Dipartimento di Fisica “E. Pancini“, Università di Napoli “Federico II”, Complesso Universitario di Monte Sant’ Angelo, Edificio G, Via Cinthia, I-80126, Napoli, Italy.
Istituto Nazionale di Fisica Nucleare (INFN), Sezione di Napoli, Complesso Universitario di Monte Sant’Angelo, Edificio G, Via Cinthia, I-80126, Napoli, Italy.
Laboratory for Theoretical Cosmology, Tomsk State University of Control Systems and Radioelectronics (TUSUR), 634050 Tomsk, Russia.
Abstract
We derive magnetic black hole solutions using a general gauge potential in the framework of teleparallel equivalent general relativity. One of the solutions gives a non-trivial value of the scalar torsion. This non-triviality of the torsion scalar depends on some values of the magnetic field. The metric of those solutions behave asymptotically as Anti-de-Sitter/ de-Sitter (AdS/dS) spacetimes. The energy conditions are discussed in details. Also, we calculate the torsion and curvature invariants to discuss singularities. Additionally, we calculate the conserved quantities using the Einstein-Cartan geometry to understand the physics of the constants appearing into the solutions.
Teleparallel gravity; black hole solutions; singularities, conserved quantities.
pacs:
04.50.Kd, 98.80.-k, 04.80.Cc, 95.10.Ce, 96.30.-t
I. Introduction
Several issues related to the gravitational field, ranging from quantum gravity up to cosmological dark energy and dark matter, encourage scientists to search for modifications of general relativity (GR) capable of addressing under a new standard the phenomenology rept ; starx ; Nojiri ; CFPS ; repva ; cai ; sebastiani . Clearly, a viable modification must be consistent with experimental tests and solve problems in quantum gravity and/or cosmology, that is at UV and IR scales. From a theoretical point of view, a first requirement is avoiding ghosts or other severe defects to achieve self-consistent theories GKS .
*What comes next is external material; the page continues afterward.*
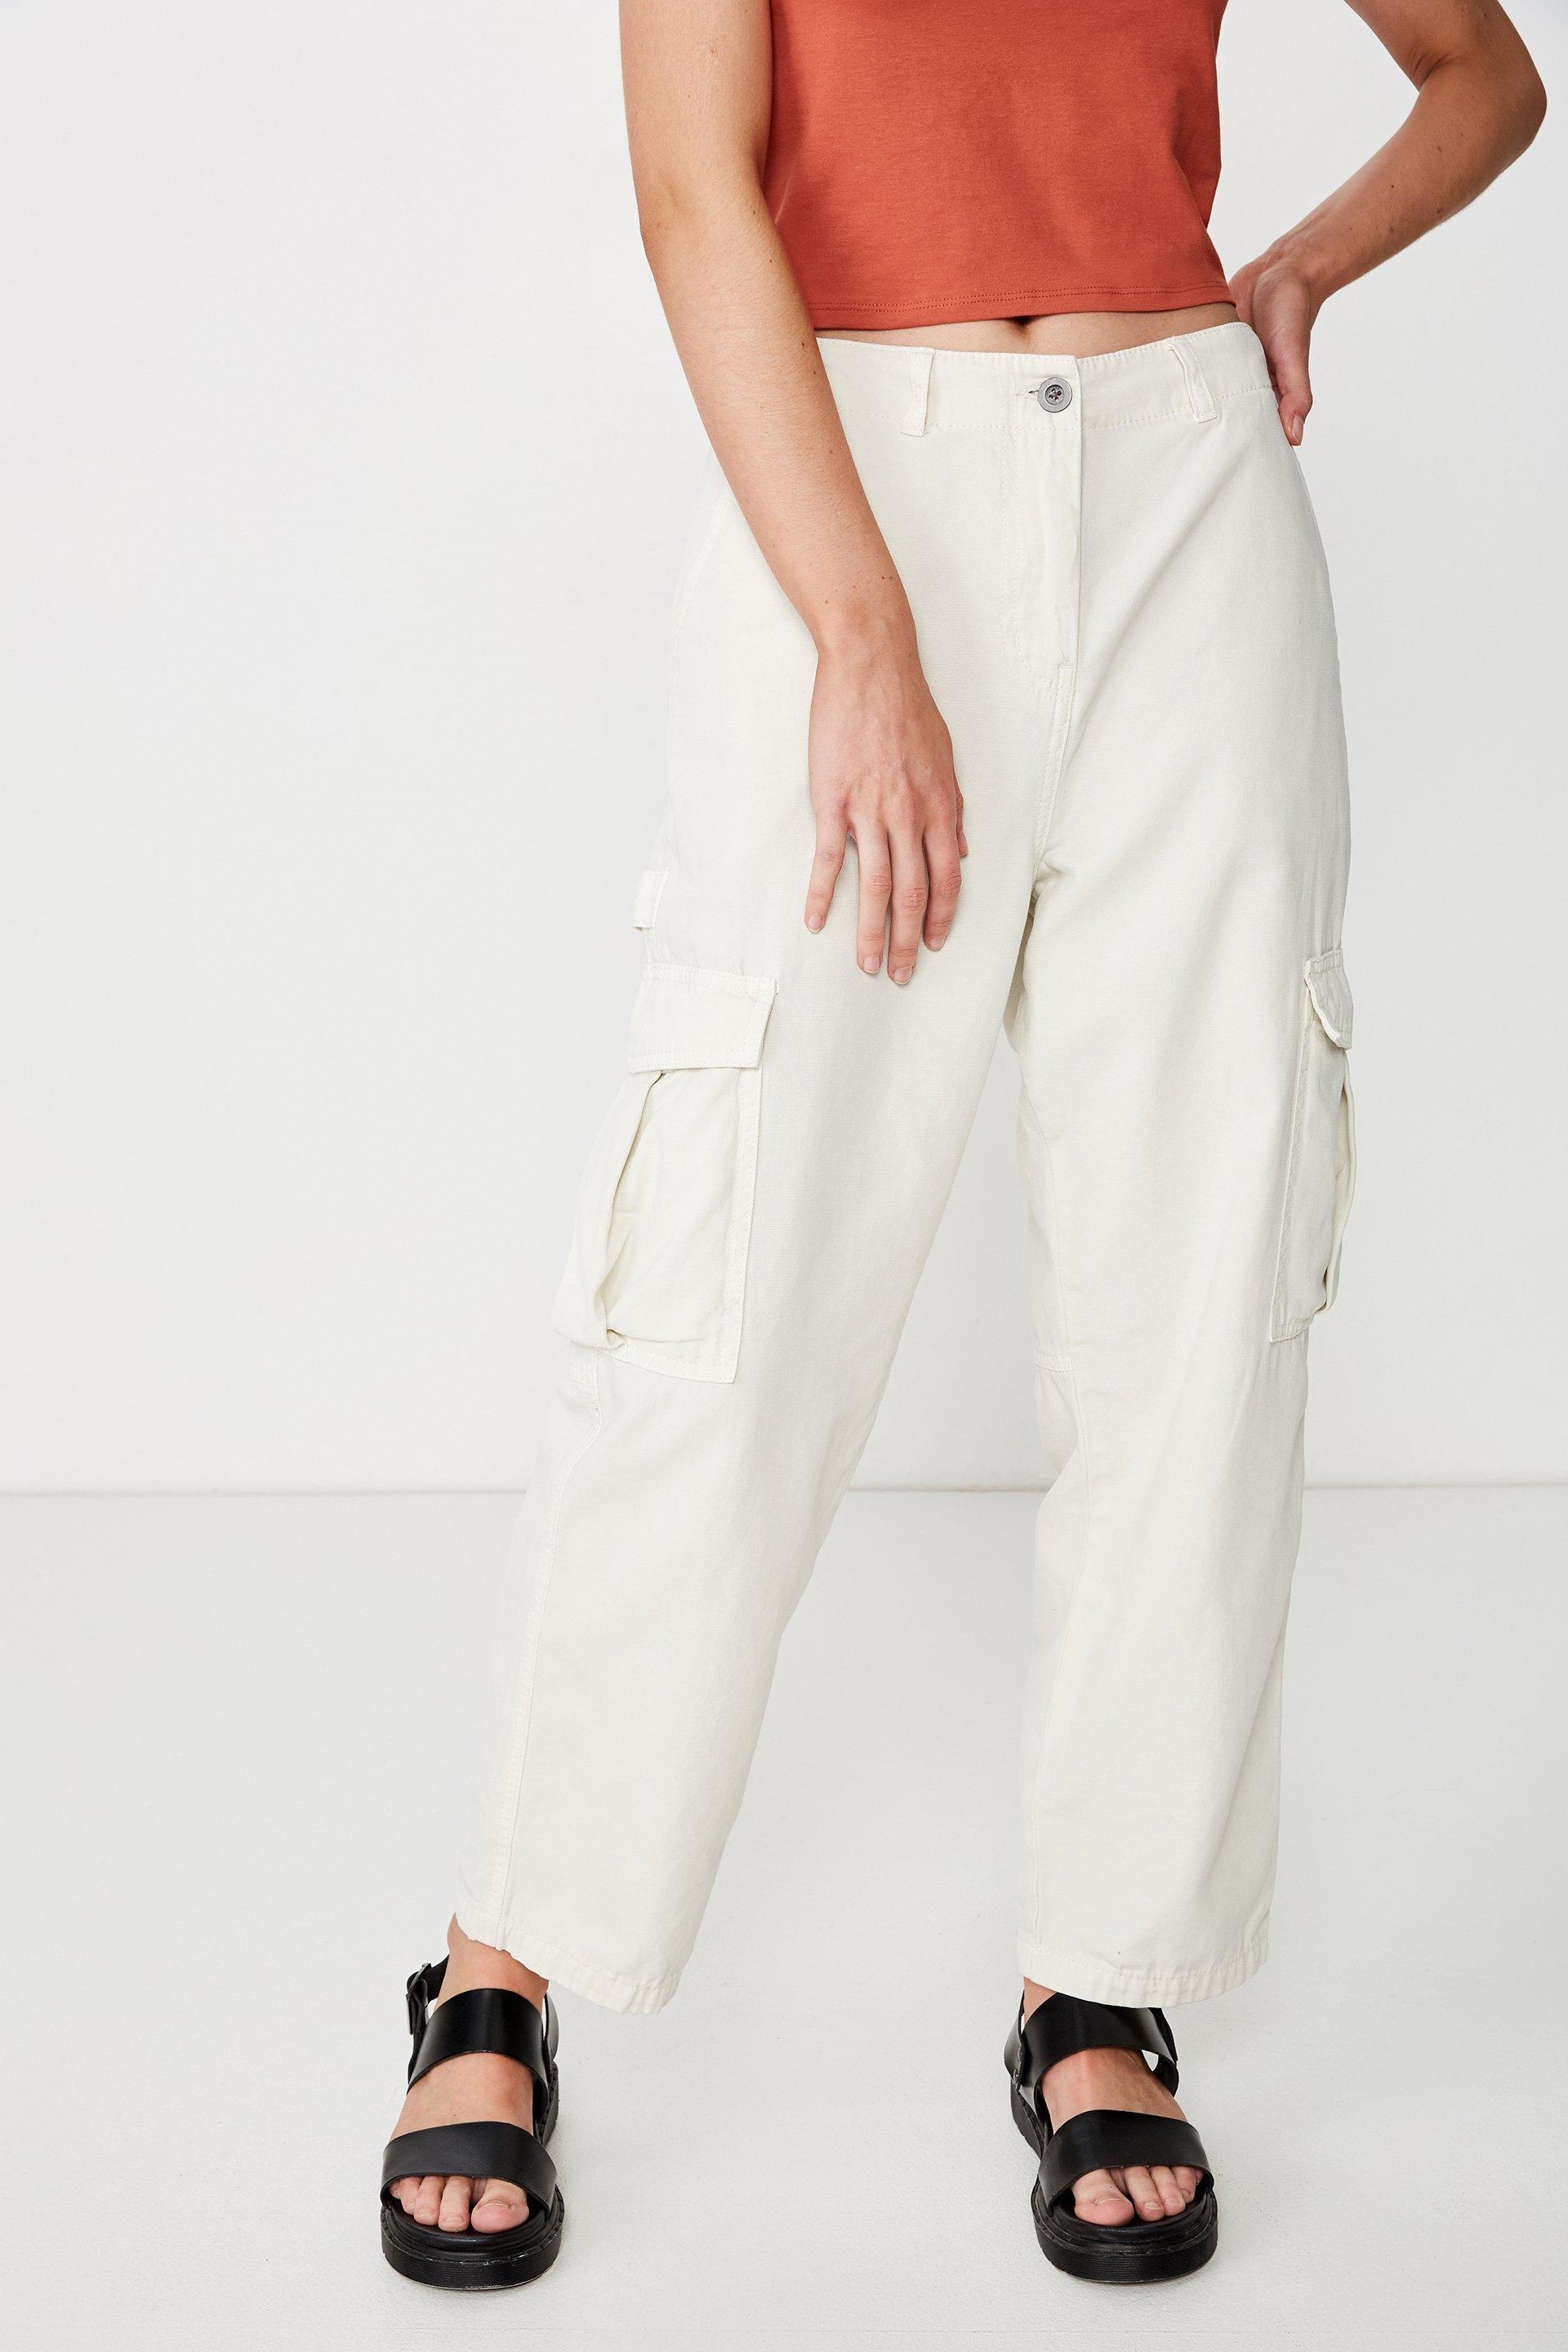 Breya utility pant - cannoli cream Cotton On Trousers | Superbalist.com

Therefore, it is logic to start using different approaches with respect to GR. Among these constructions, there is the one used by Einstein himself Ea -Ea2 . Assuming absolute parallelism, we can formulate gravitational field theory equivalent to GR using tetrad fields as building blocks instead of the metric M2 -Obukhov . In this theory the gravitational field is due to torsion tensor, which is acting as a force AP97 , instead of the curvature tensor of GR. This theory is known in the literature as teleparallel equivalent of general relativity (TEGR) which is equivalent to GR and allows new conjectures into gravitation Pj12 . The main advantage of this theory is that one can define a true gravitational energy-momentum tensor which is locally Lorentz invariant Mj9 ; MRTC ; capriolo . Generally, we can consider TEGR as a gauge theory of translation Cy -Tr . In this framework, the tetrad field has the role of the gauge translational potential of gravitational field ORP .
It is worth stressing that Einstein himself used the Weitzenböck geometry with the aim to unify the electromagnetic and gravitational fields Ea2 . The issue is connected to the fact that the tetrad field has 16-components while the metric field has 10-components. The 16-components of the tetrad can be regarded as 10-components encoded for the metric and 6-components as degrees of freedom responsible for the electromagnetic field. However, the possible unification pointed out by Einstein failed but the concept to adopt the Weitzenböck geometry and TEGR to describe the gravitational field through the torsion field remained. In particular, considering tetrads as fields in the context of TEGR, many authors investigated the notion of gravitational energy in different physical cases M13 ; M10 ; M07 . Specifically, the notion of gravitational energy has been adopted to construct a non-local gravitational theory M15 .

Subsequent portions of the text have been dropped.